My org has recently started using the Toyota Five Whys to analyze incidents.
The way we use it, it looks something like this:
- Q1: Why did we see A?
- A1: Because B.
- Q2: Why did B?
- A2: Because C.
- Q3: Why did C?
- A3: Because D.
- Q4: Why did D?
- A4: Because E.
- Q5: Why did E?
- A5: Because F.
The idea is that you get deeper into the process failures that lie behind a problem when you dig in like this.
But every time I write an RCA document, I find that the Five Whys is inadequate.
Why the Five Whys is inadequate
It is inadequate because it presumes a basically linear causality.
Almost all interesting incidents have multiple causality.

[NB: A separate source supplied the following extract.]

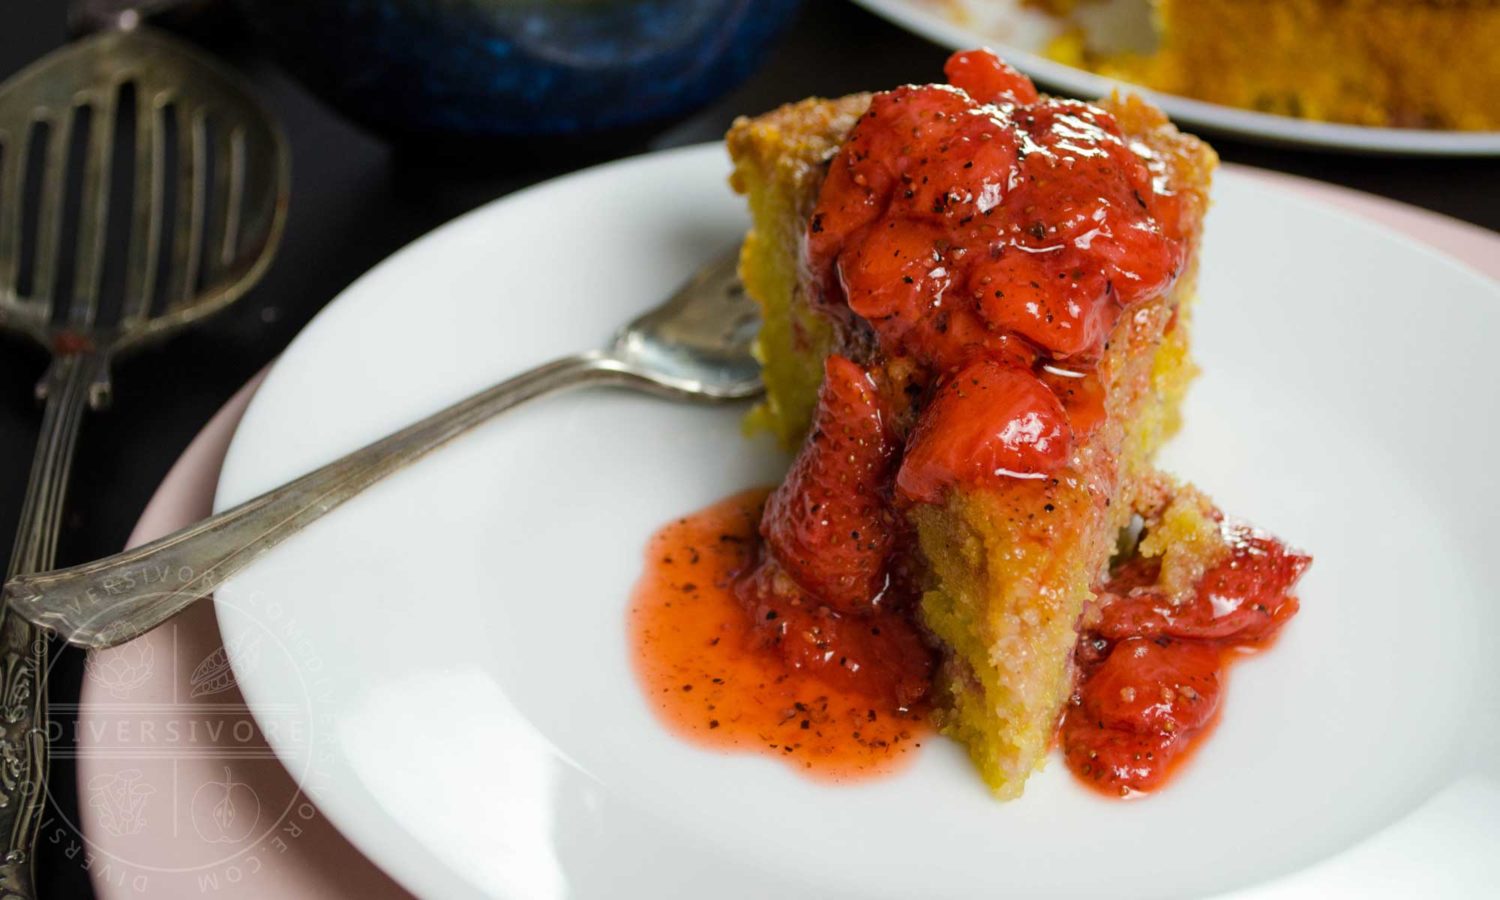 Strawberry and polenta (cornmeal) cake with almonds and lemon, topped with a strawberry and black pepper sauce - Diversivore.com

Meaning that there isn’t just a straight line between A and F. There is a cluster of issues.
When I have to fill out this document, I usually hack the format by listing several causes under A2. And I put several causes under A3. And so on.
In this way, you can respect the form of the Five Whys while also having the intellectual integrity to acknowledge that causality is almost always multiple and incidents happen at the junction between multiple causal flows.
Alternative approaches
I’m not the first to criticize the Five Whys; see the criticism section in the Wikipedia article.
It turns out that researchers have already invented better forms of analysis that represent multiple forces better.
One approach is the “fishbone diagram”: it shows multiple forces that collectively caused an incident.

The idea is that lots of things had to collectively go wrong to cause an incident, and you diagram them in layers.
An even better approach is described in Alan J. Card’s 2013 paper, A new tool for hazard analysis and force field analysis: The Lovebug Diagram. A “lovebug diagram” is basically two fishbone diagrams that represent opposing directions. The name comes from “a mating pair of Plecia nearctica, commonly known as lovebugs.”

(Published version here, but I don’t have access anymore because I’m not in academia :/)
It’s a great visualization because it shows multiple forces that caused an incident and also multiple forces that tried to prevent an incident. And this, in my mind, is a more realistic image of how things actually happen. We do have safety controls. In an incident, it’s just that they weren’t enough.
I wish I could use these diagrams in our RCAs instead of Five Whys. But I guess the Five Whys is better than no methodology whatsoever, or just letting people write down that an incident happened because of one single reason. Methodology is better when it provides a lower bound for our inquiries, but it doesn’t have to be an upper bound.
Anyway, causality is always multiple in complex systems. I won’t stop insisting on this.